I have some data that looks like this:
dat <- c("Sales","Jim","Halpert","","",
"Reception","Pam","Beasley","","",
"Not.Manager","Dwight","Schrute","Bears","Beets","BattlestarGalactica","","",
"Manager","Michael","Scott","","")
Each "chunk" of data is consecutive with some blanks in between. I want to transform the data into a list of lists that looks like this:
iwant <- c(
c("Sales","Jim","Halpert"),
c("Reception","Pam","Beasley"),
c("Not.Manager","Dwight","Schrute","Bears","Beets","BattlestarGalactica"),
c("Manager","Michael","Scott")
)
Suggestions? I am using rvest and stringi. I do not want to add more packages.
You can use rle
, split
with lapply
:
lapply(split(dat, with(rle(dat != ''),
rep(cumsum(values), lengths))), function(x) x[x!= ''])
#$`1`
#[1] "Sales" "Jim" "Halpert"
#$`2`
#[1] "Reception" "Pam" "Beasley"
#$`3`
#[1] "Not.Manager" "Dwight" "Schrute" "Bears" "Beets"

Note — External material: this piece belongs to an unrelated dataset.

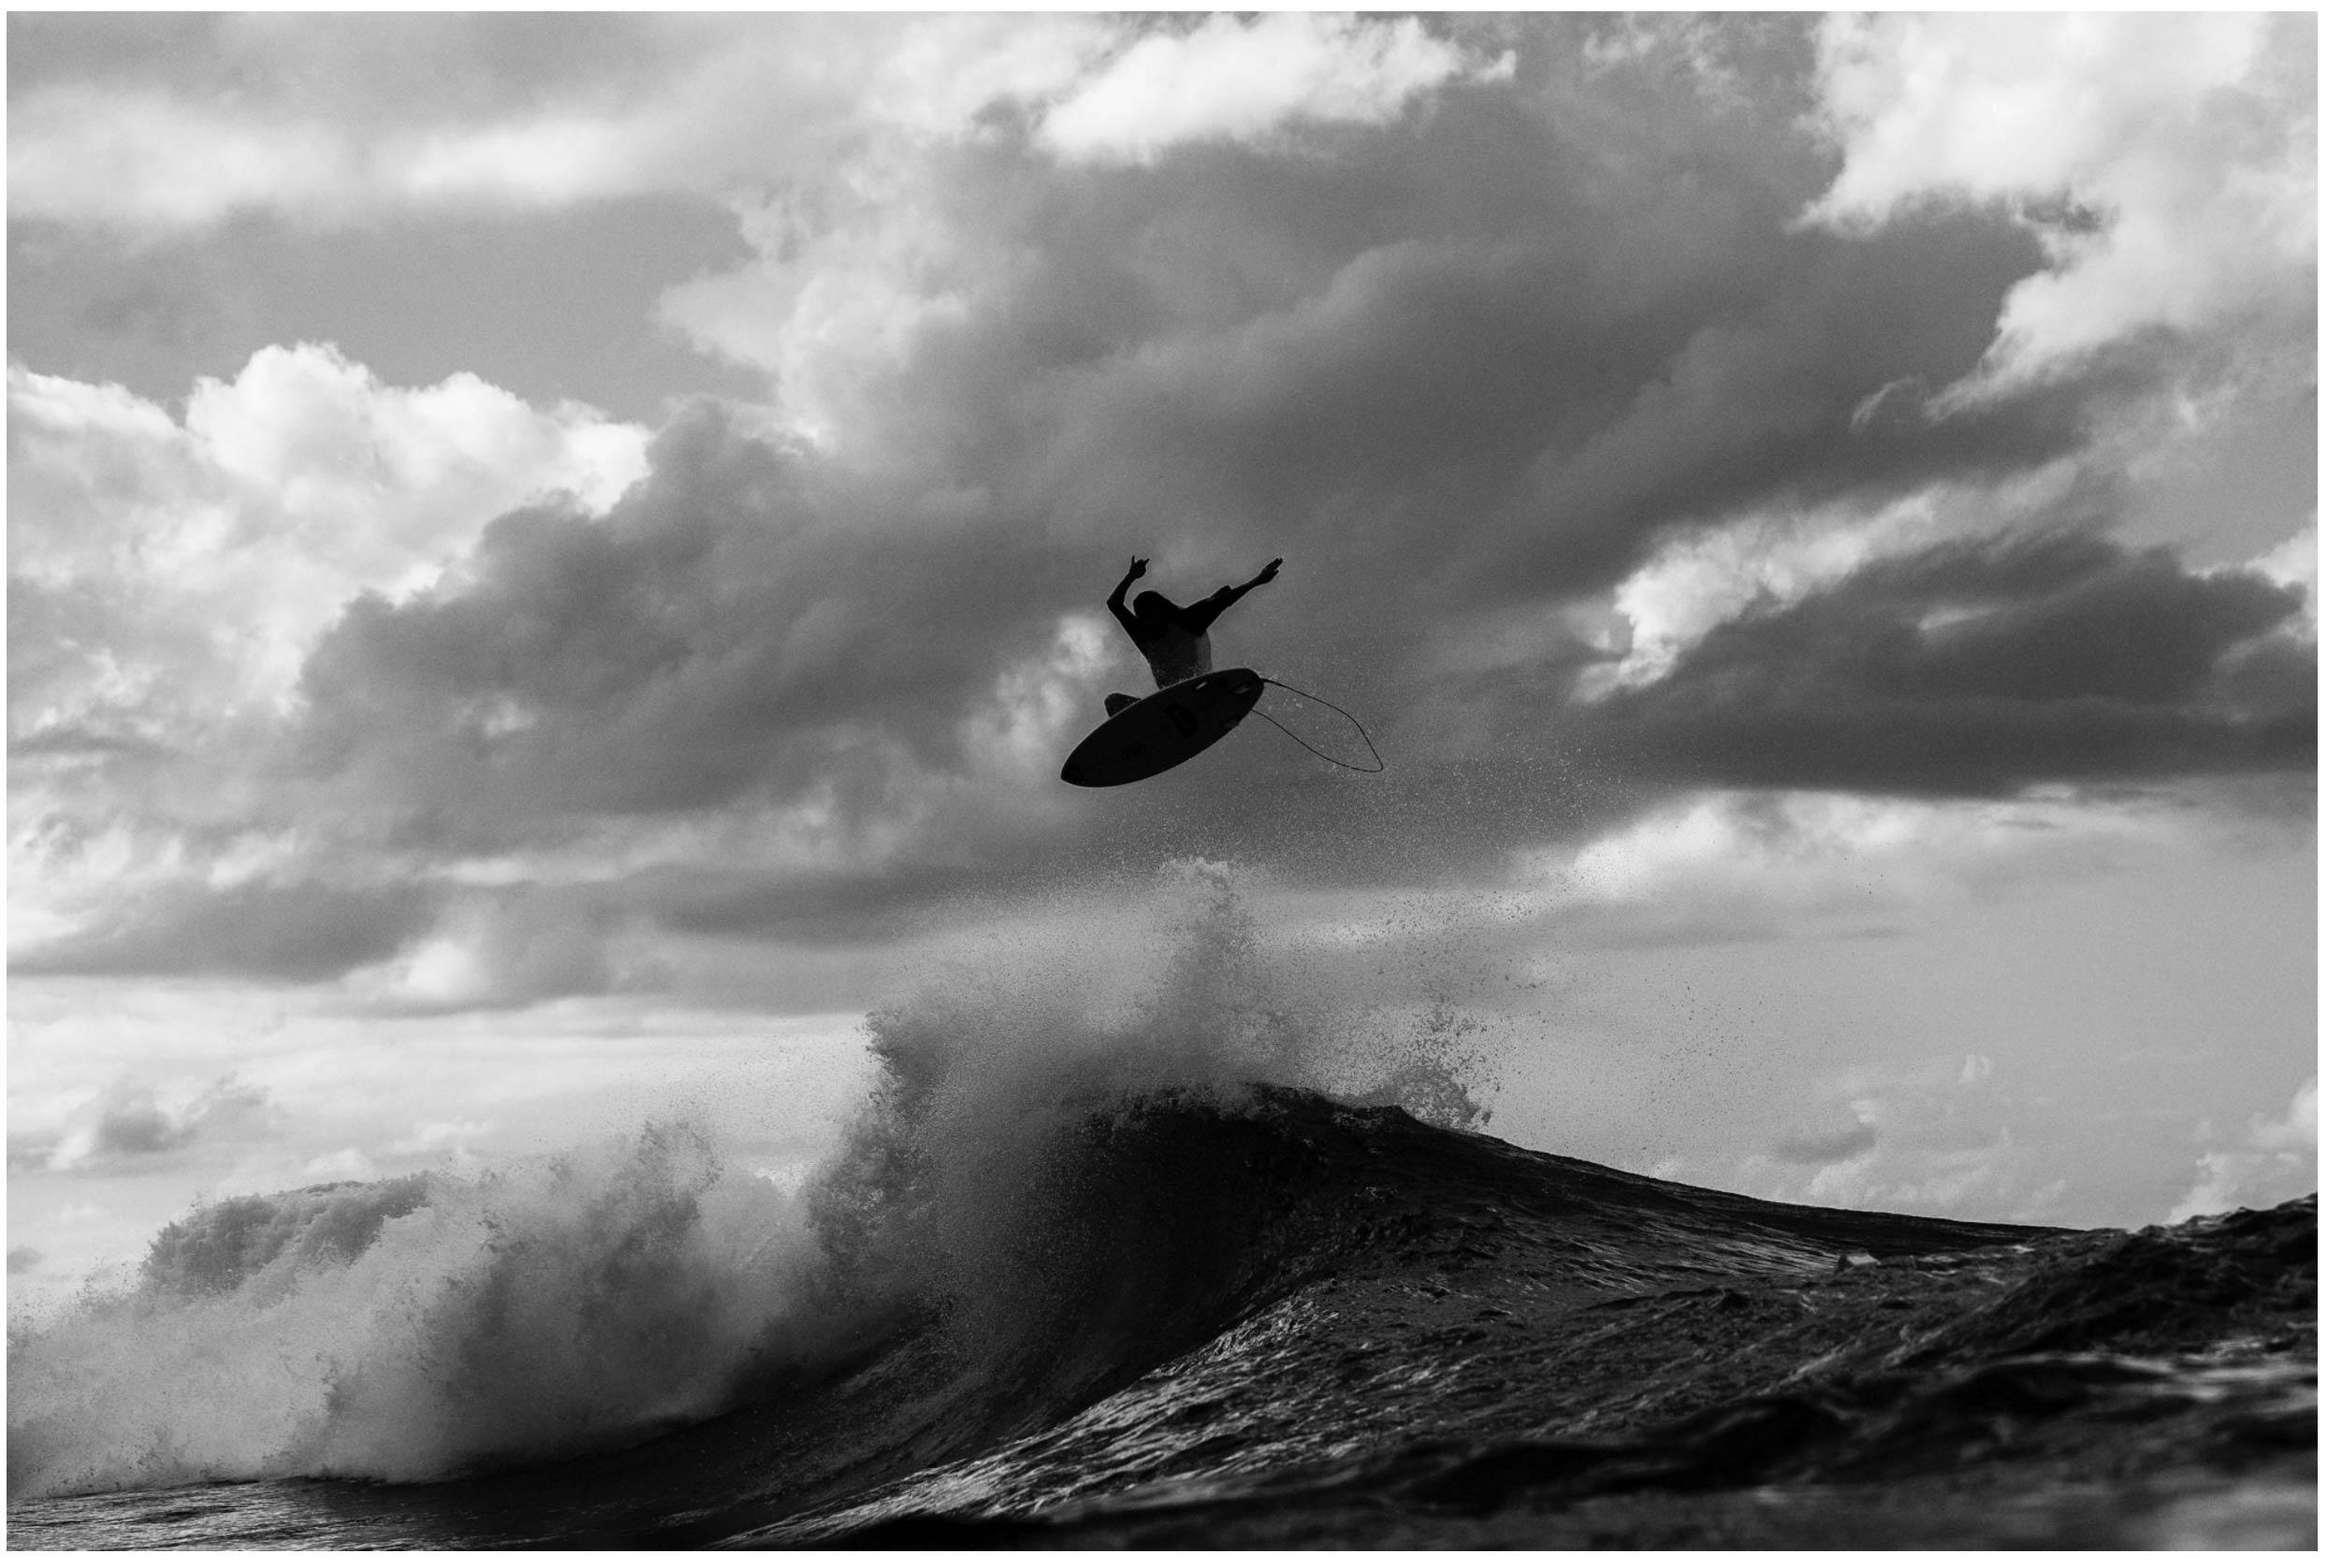 rodd-owen-surf-photography-for-sale-owenphoto-253.jpg

#[6] "BattlestarGalactica"
#$`4`
#[1] "Manager" "Michael" "Scott"
rle
part creates group to split
on :
with(rle(dat != ''), rep(cumsum(values), lengths))
#[1] 1 1 1 1 1 2 2 2 2 2 3 3 3 3 3 3 3 3 4 4 4 4 4
After split
we use lapply
to remove any empty elements from each list.